# Stamp duty on inheritance



## David_Dublin (12 Feb 2016)

Hoping someone can give feedback on this scenario:

The Will leaves "residue" of estate to equally to 2 children, i.e. whatever is left after specified items are paid out, bills paid etc.

The residue will include one property and shares etc which will be sold in full so will be cash.

Child A is not interested in the property, and Child B would like to take it in full. Child A & B are in agreement about this arrangement, are in agreement on the value that the executor has put on the property based on an independent survey, and the executor/lawyers are happy to accommodate this.

Both Child A and Child B will exceed their threshold in the above scenario. Say house is worth 300k and there is 700k in cash. So Child A would end up inheriting property plus 200k, Child B would inherit 500k.

Are there any stamp duty implications for Child A? Or would both Child A & B pay tax on whatever exceeds their allowance as children?


----------



## mf1 (12 Feb 2016)

So to clarify:

Child A gets half a house and 350 in cash - 500 K
Child B gets the same. - 500 K

They both pay CAT on the excess over threshold

Child B sells their share of the house to Child A for 150 K and Child A pays stamp duty of 1% on B's half to Revenue. A already owns one half of the house.

mf


----------



## David_Dublin (12 Feb 2016)

Thanks for the reply mf1.

Is that they way it has to be treated?

Child A is not a resident in Ireland, is the stamp duty payable still the same? The property will be used for rental income for Child A.


----------



## mf1 (12 Feb 2016)

"Is that they way it has to be treated?"

I imagine I'll be corrected if I'm wrong!

And stamp duty is the same whether resident or not. They'll need a PPS number for stamping

mf


----------



## Vanilla (14 Feb 2016)

Is there a specific power of appropriation in the will?


----------



## David_Dublin (15 Feb 2016)

Sorry Vanilla, I'm not sure what that means, but the will does not split the residue or assign it to one or other in any way.


----------



## Thirsty (15 Feb 2016)

Are you sure? It's a standard "wrapping up" clause.

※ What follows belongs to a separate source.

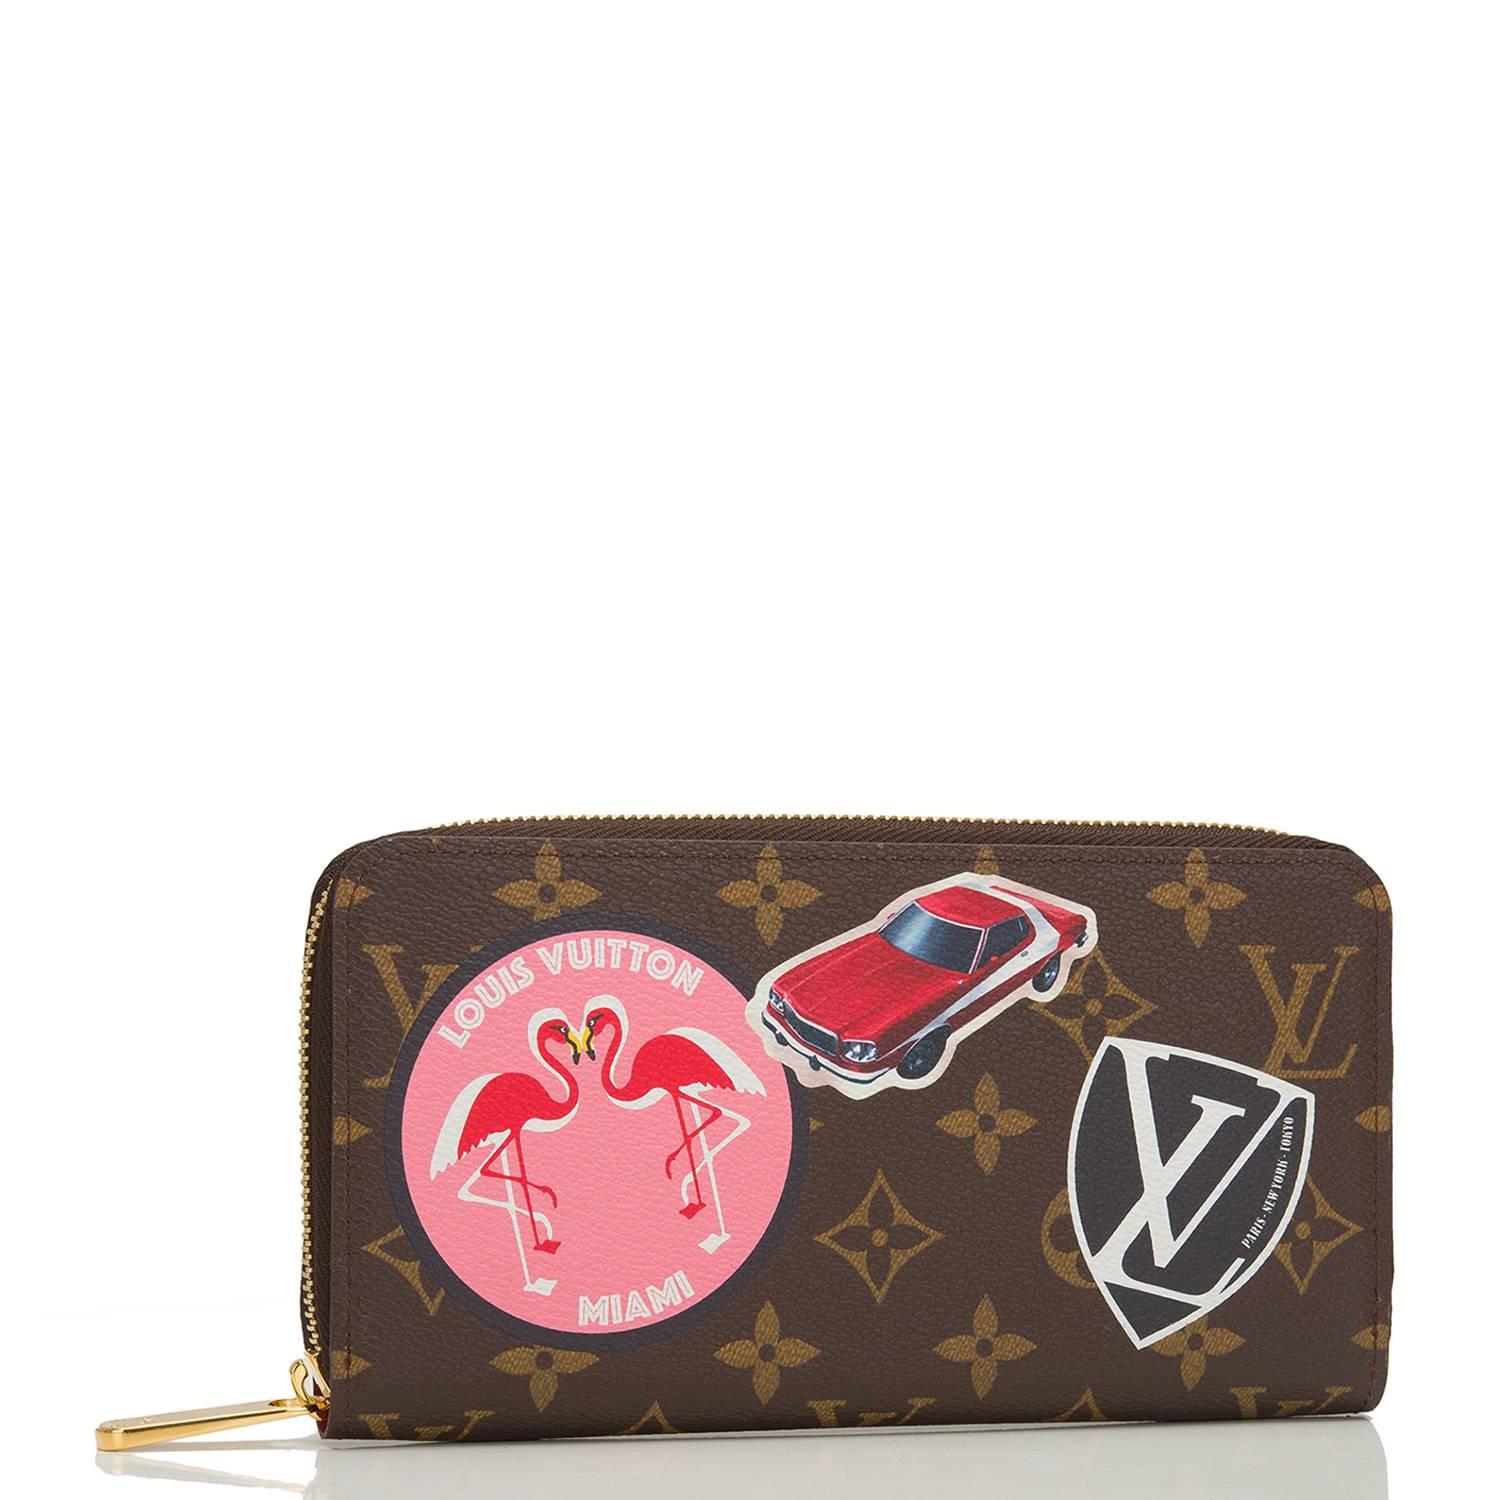 Louis Vuitton Monogram World Tour Zippy Wallet of coated canvas and polished brass hardware.

This limited edition wallet features stamps screened over the classic Monogram design and a 3/4 wrap around zipper with Louis Vuitton stamped polished

Otherwise what is exec expected to do with any sum of money remaining?


----------



## mathepac (15 Feb 2016)

What sum of money remaining? If the "residue" is divided as per the wishes, there cannot be a sum remaining. Anything that's left after specific legacies are paid out forms the residue for A & B.


----------



## Vanilla (15 Feb 2016)

Ask the solicitor dealing with it, but basically it would be a power written into the will giving the legal per reps a power to appropriate assets. If it is in the will, there should be no stamp duty as the per rep can simply assent to the vesting of the asset in the beneficiary.


----------



## Thirsty (15 Feb 2016)

Think we are at cross purposes here.  The residue *is* the remainder after all debts & expenses paid.


----------



## David_Dublin (16 Feb 2016)

Thanks for the input. I'll ask about a power of appropriation.


----------



## RobFer (5 Mar 2016)

mf1 said:


> So to clarify:
> 
> Child A gets half a house and 350 in cash - 500 K
> Child B gets the same. - 500 K
> ...


Why would the house be passed down between A and B. Why not directly to A?


----------



## David_Dublin (7 Mar 2016)

I'm not sure the executor is entitled to do that, the will leaves the residue equally to both


----------



## dubguy (24 Jan 2018)

Sorry to drag up an old post but I have just been through this situation and thought it might be useful for future thread searchers to know the actual Revenue position. In the exact scenario as outlined in the first post, where the person taking the house has enough inheritance to do so without having to pay extra to the other beneficiaries then *no* stamp duty is payable. It looks like this isn't a well know position (and in fairness it probably isn't a situation a lot of people are lucky enough to face). The current Revenue guidance is very vague on this area and on querying it they responded with the same guidance note but with extra text that clarified that stamp duty is only applicable if the beneficiary is getting more than they were entitled to in the will - i.e. a redistribution of assets that kept everybody within their inheritance amount does not attract stamp duty. Saved a few grand and was a real eye opener for my solicitor.


----------



## john luc (28 Jan 2018)

that' good to know. So in the original post where the value of the estate was 1 million and so each received 500,000 each then only Capital Acquisition Tax is applied. Am I correct.


----------